German Guided Missiles of World War II

Published on
Review Author(s)
Book Author(s)
By Steve Zaloga Illustrated by Jim Laurier
Other Publication Information
Soft Cover, 48 pages, Color Illustrations, Cutaway Artwork
Product / Stock #
NVG 276
Company: Osprey Publishing - Website: Visit Site
Provided by: Osprey Publishing - Website: Visit Site
Product Picture

Here’s another interesting and informative book by Steve Zaloga. He has done a few books for Osprey. By my count (from Wikipedia) this is his 27th Osprey title. He’s doing it right.


  • Introduction
  • Antiship Missiles
    • Fritz-X
    • Hs 293
  • Flak Missiles
    • Unguided Flak Rockets
    • Flak Missiles
      • Rheinmetall Borsig Rheintochter
      • Henschel Hs 117 Schmetterling
      • Messerschmitt Enzian
      • Wasserfall
  • Air-to-Air Missiles
  • Antitank Missiles
  • Further Reading

Since Mr. Zaloga has already done Osprey books on the V-1 and V-2, these missiles are not covered in this book. But what is covered are those projects which barely made it to operational status, or weren’t quite ready when VE day occurred.

Antiship Missiles

The coverage of the Fritz X and the HS 293 is very good, giving an excellent idea of how the guidance systems were developed and how effective they were. There’s a table with the ships sunk or damaged by these missiles. There are 44 entries on the list, and 22 were sunk, 22 damaged. In the text it’s shown that several of the damaged ships were not sunk because the missile passed completely through the hull, failing to explode. Another reason for low success numbers was that the Allies quickly developed jammers for the radio control systems for these missiles.

One “missile” mentioned is the Mistel, a Ju-88 flown to the target by an attached fighter, FW-190 or Bf-109. I learned that later Mistels were radio controlled from the “parasite” fighter. There’s a lot of great information in this book.

Flak Missiles

Anti-aircraft missiles had a difficult development. The problem wasn’t technical, it was political. With the war going well in September of 1941, Hitler ordered the cessation of all long-term development programs. This included Flak missiles. When it became obvious that anti-aircraft guns were not working against high flying night bombers, Hitler ordered the deployment of Nebelwerfer artillery rockets to defend the Ruhr industrial region against bombers. This didn’t work because the Nebelwerfers didn’t have the range or speed to engage aircraft.

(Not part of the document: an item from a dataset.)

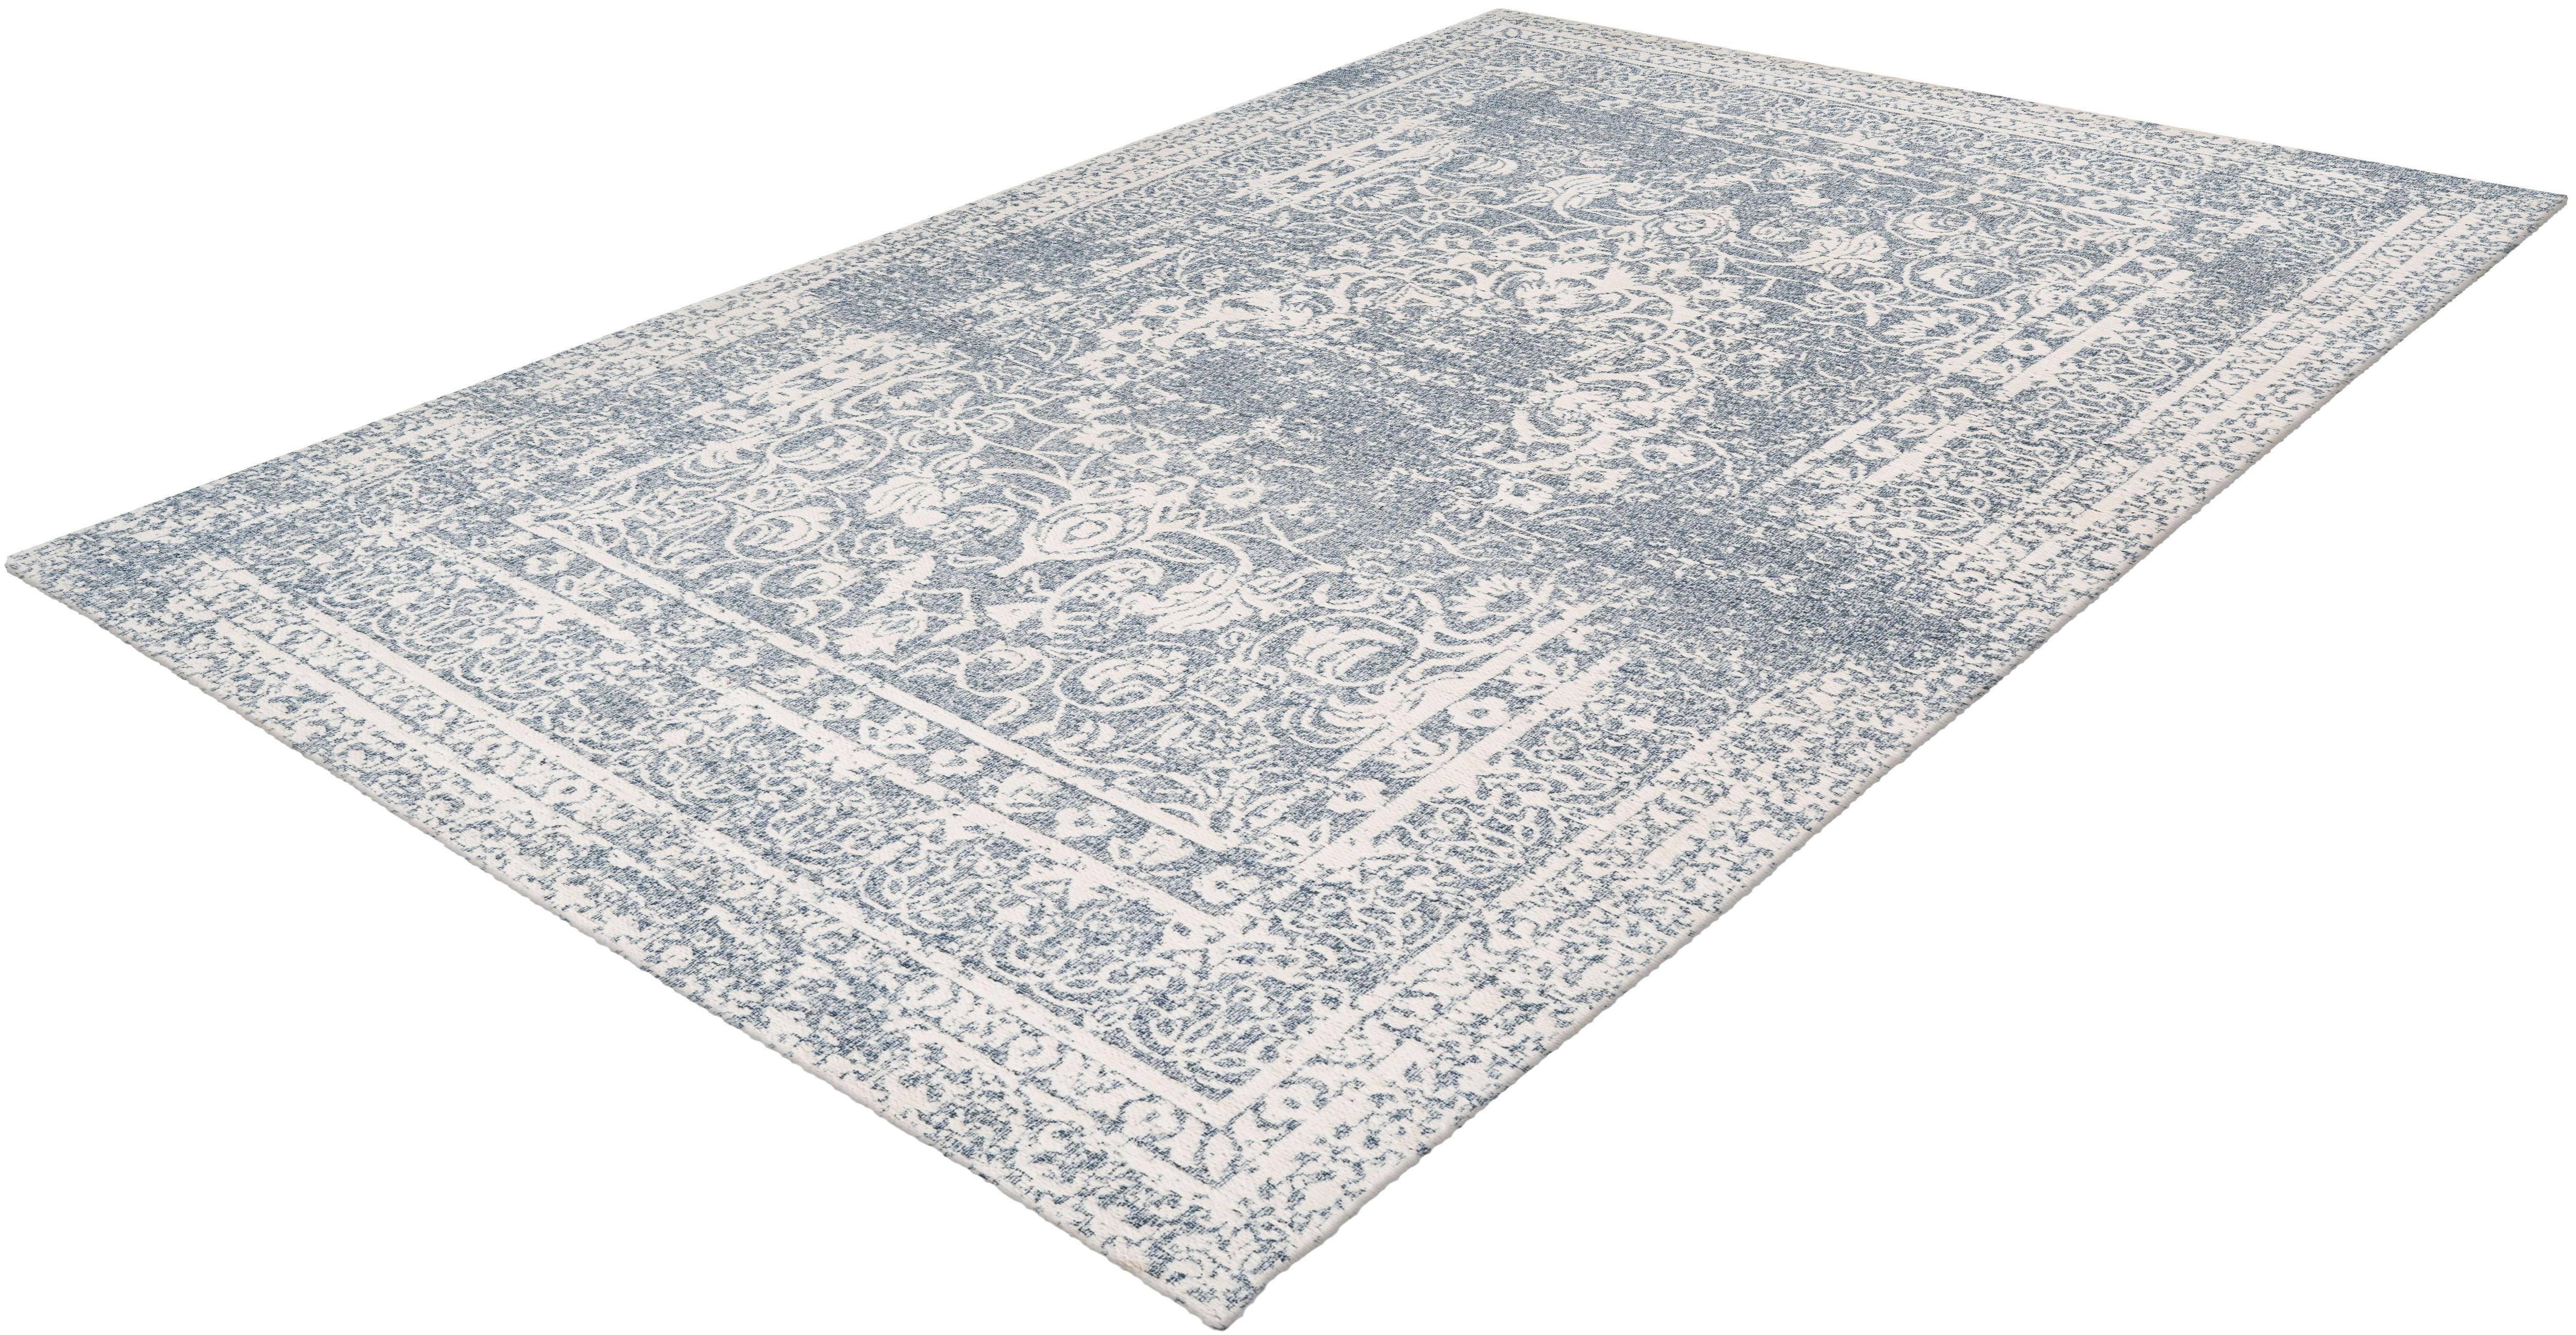 Teppich Iglesia 400 Arte Espina rechteckig Höhe 10 mm maschinell gewebt

There were four guided missile development programs which received support and funding from the Luftwaffe. They were the subsonic Henschel Schmetterling, the Rheinmetall-Borsig Rheintochter, the Messerschmitt Enzian and the supersonic Wasserfall, which was based on the V-2.

Mr. Zaloga does a very good job of showing how these projects suffered delays from many factors, including, low priorities early on, material failures, and the fact that Allied bombing made manufacturing difficult.

Overall Evaluation

Highly recommended. This part of the Luftwaffe’s offense and defense later in the war has not been thoroughly covered before, and this book brings a lot of great information to the reader.

Many thanks to Osprey Publications for this outstanding book, and to IPMS USA for allowing me to review it.